## Given information
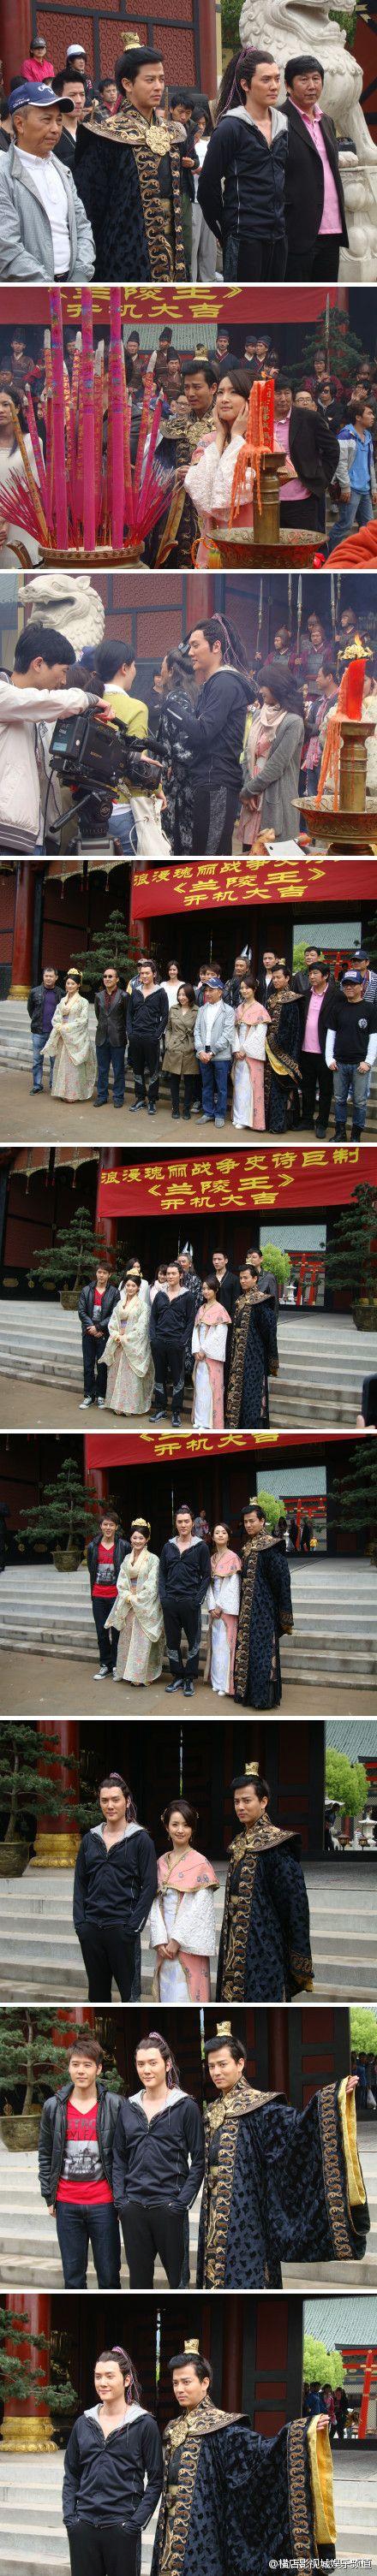 Lan Ling Wang 《兰陵王》 - Feng Shao Feng, Ariel Lin, Daniel Chan - Page 2
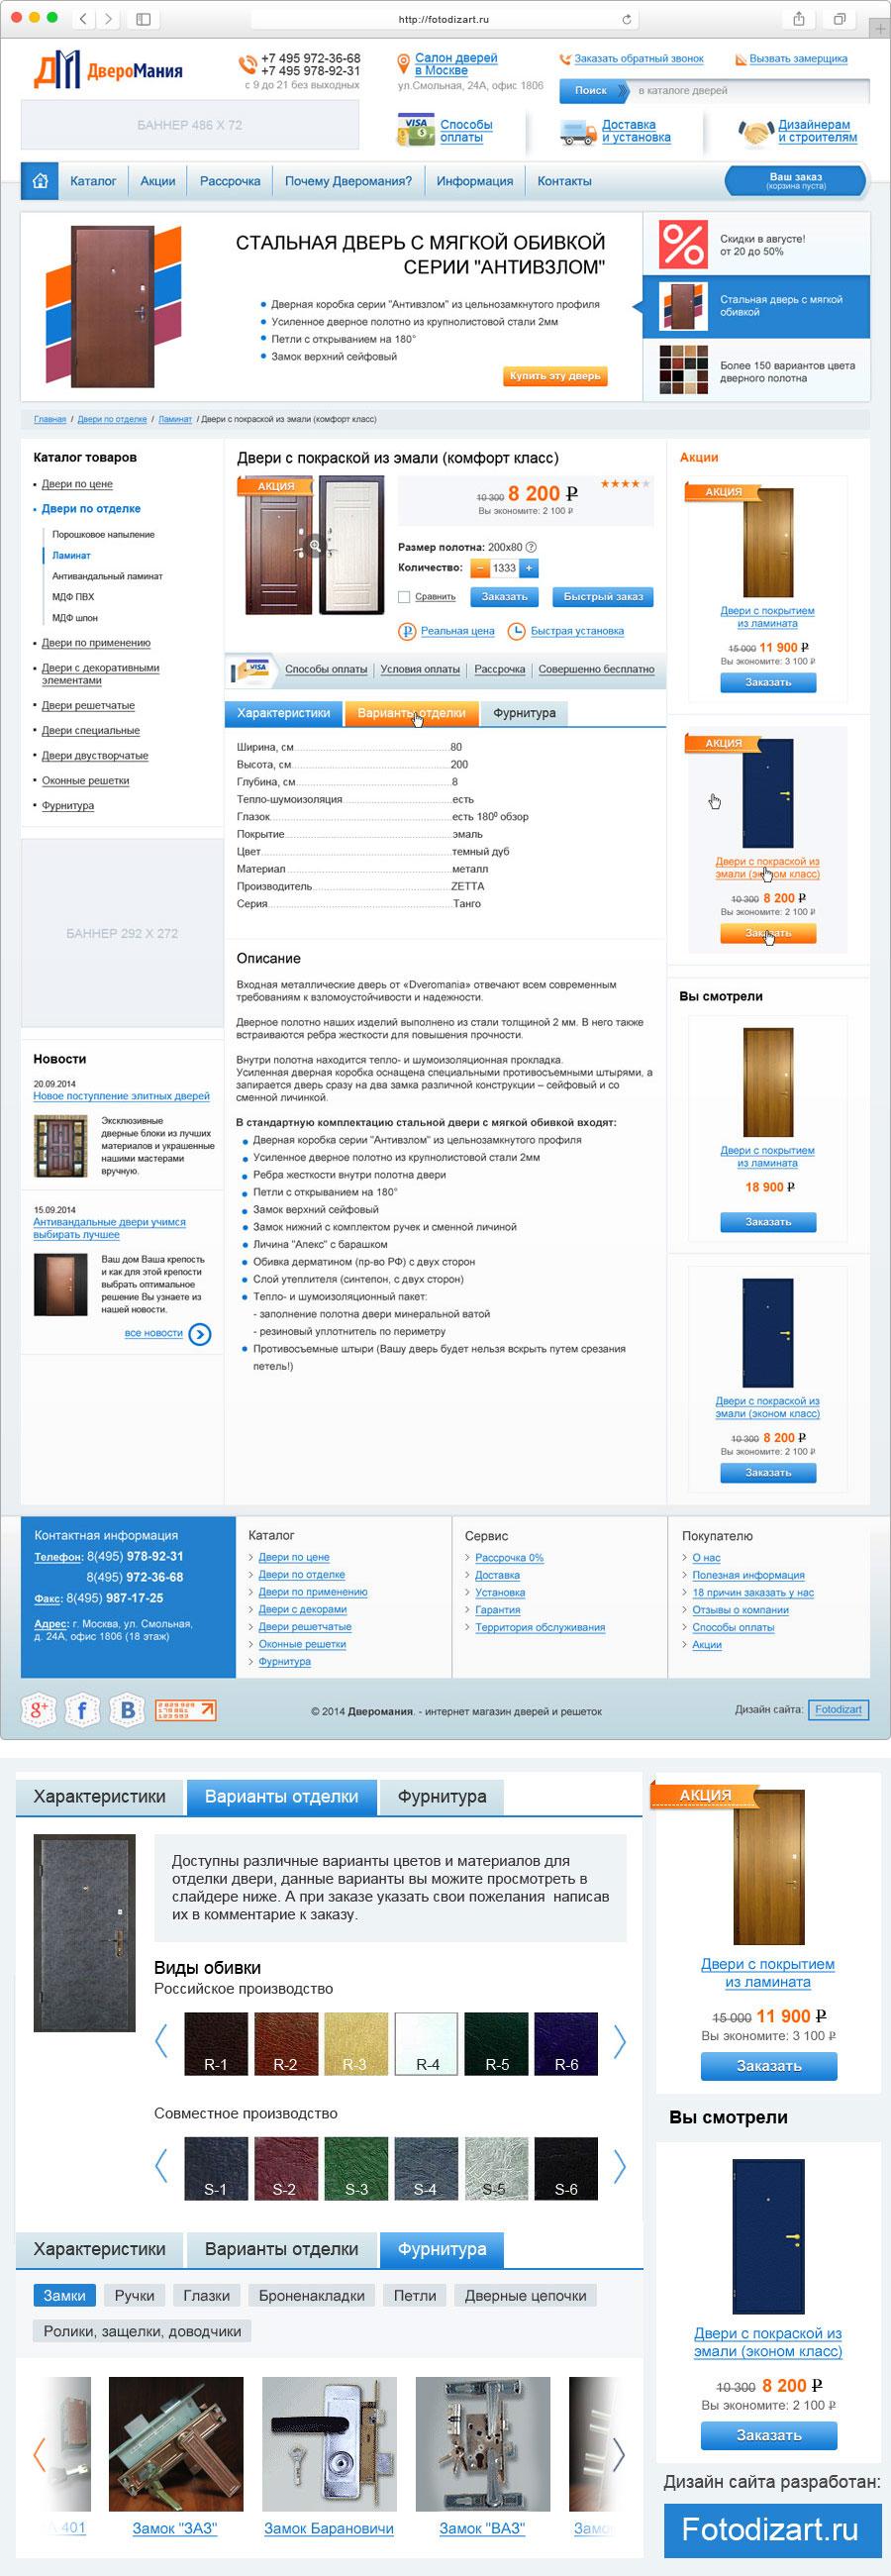 дизайн катрочки товара интернет-каталога
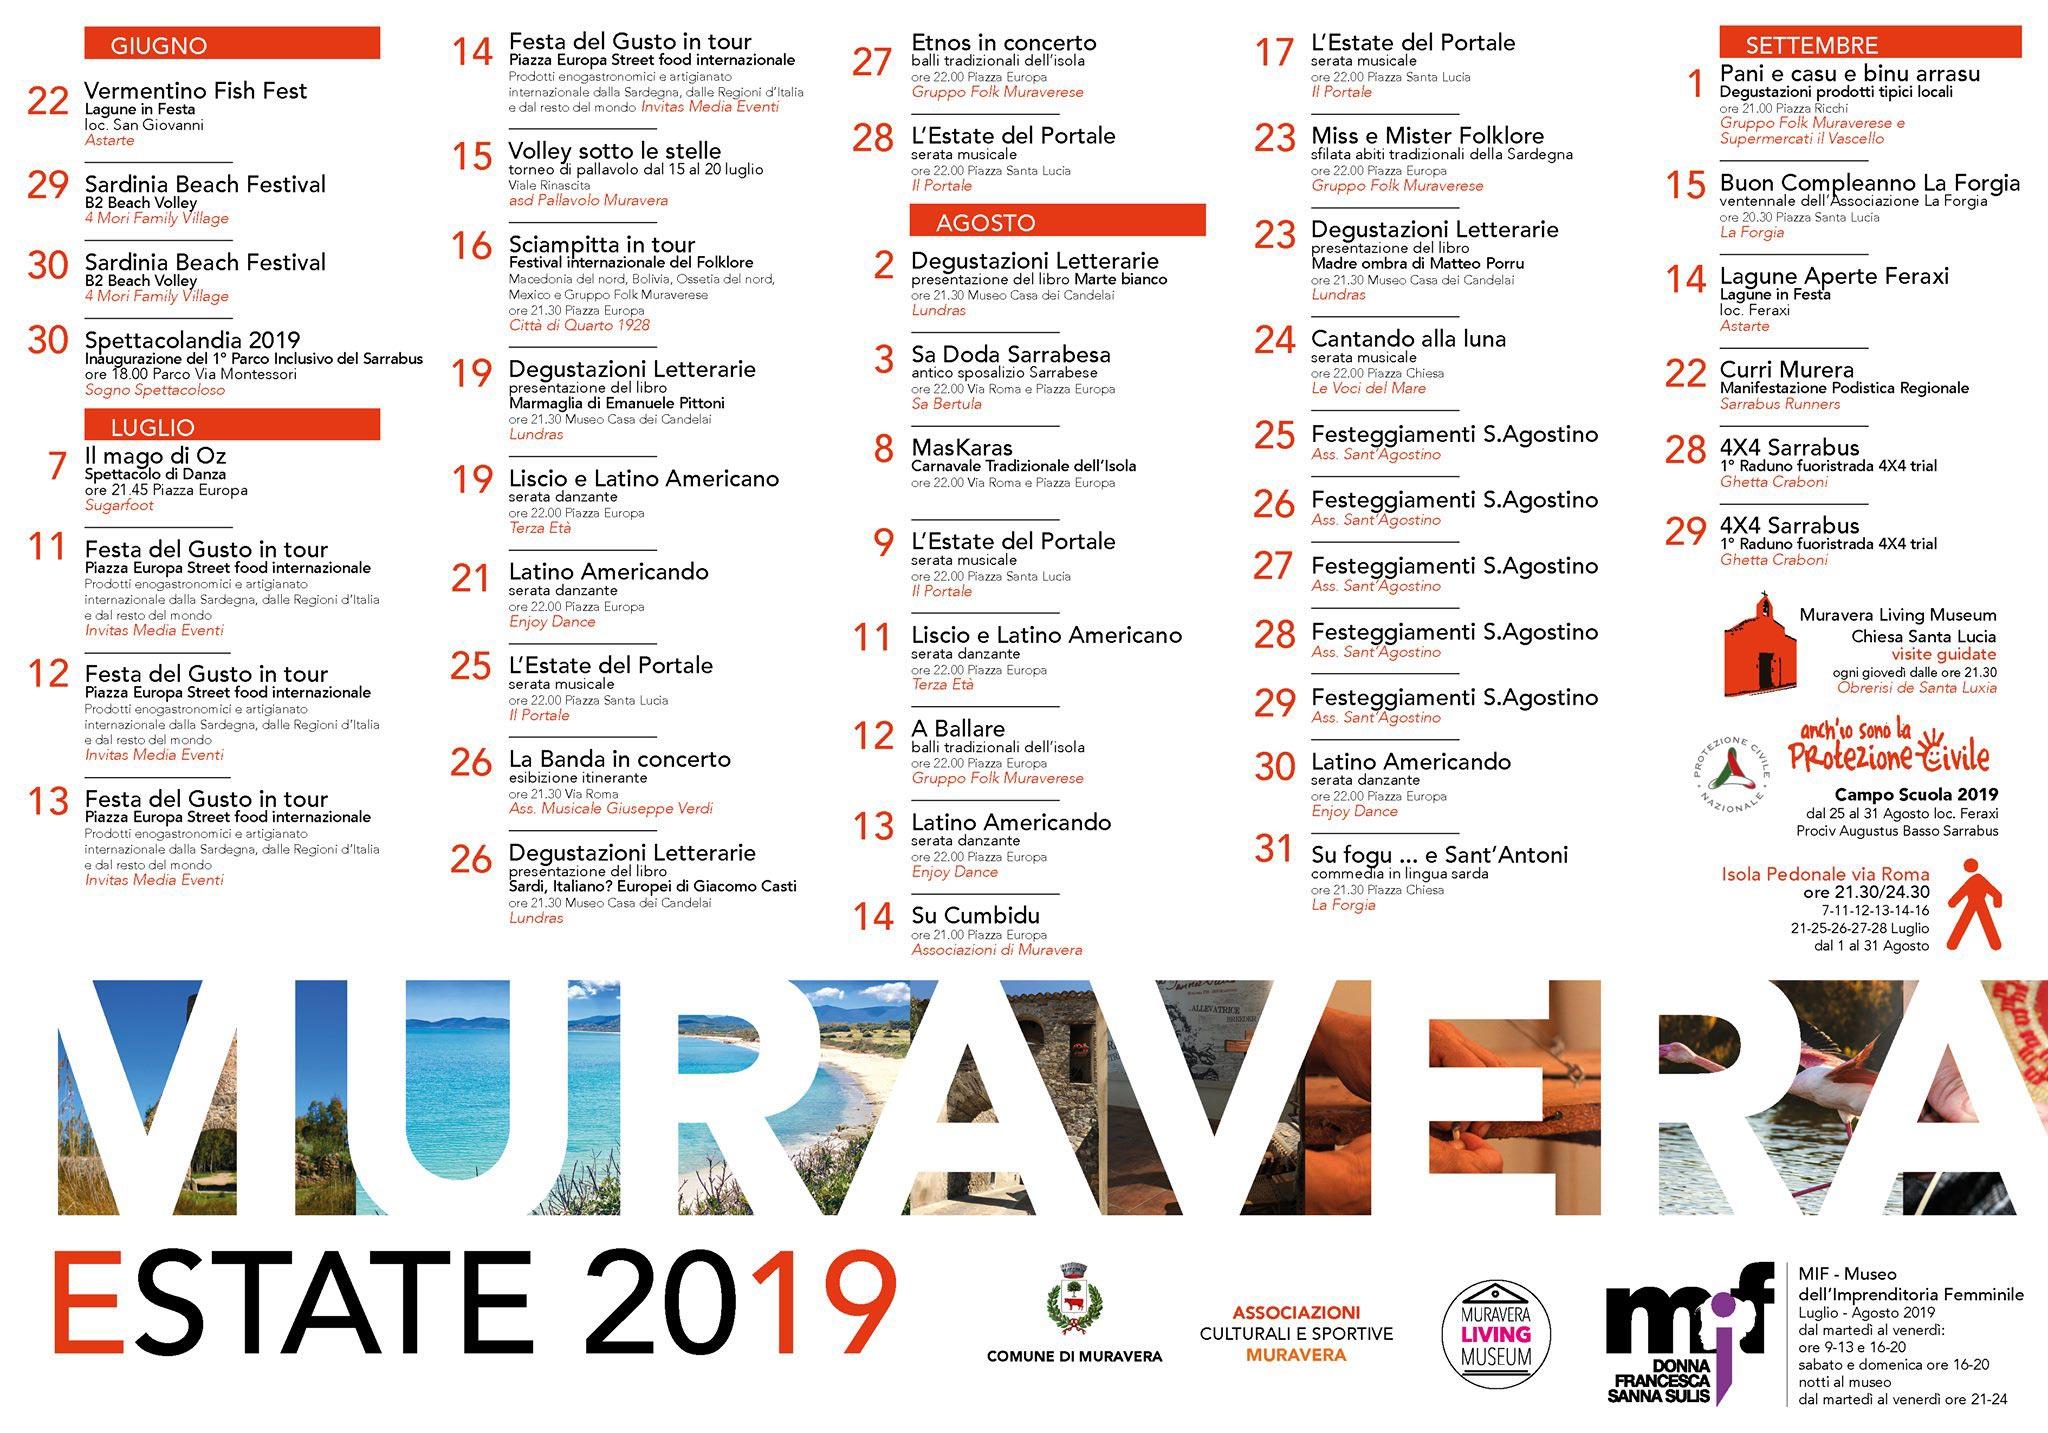 programma_eventi_estate_2019_muravera

## Problem to work on
Please transcribe the listing above verbatim and exclude every picture.

## Written answer
 Lan Ling Wang 《兰陵王》 - Feng Shao Feng, Ariel Lin, Daniel Chan - Page 2
 дизайн катрочки товара интернет-каталога
 programma_eventi_estate_2019_muravera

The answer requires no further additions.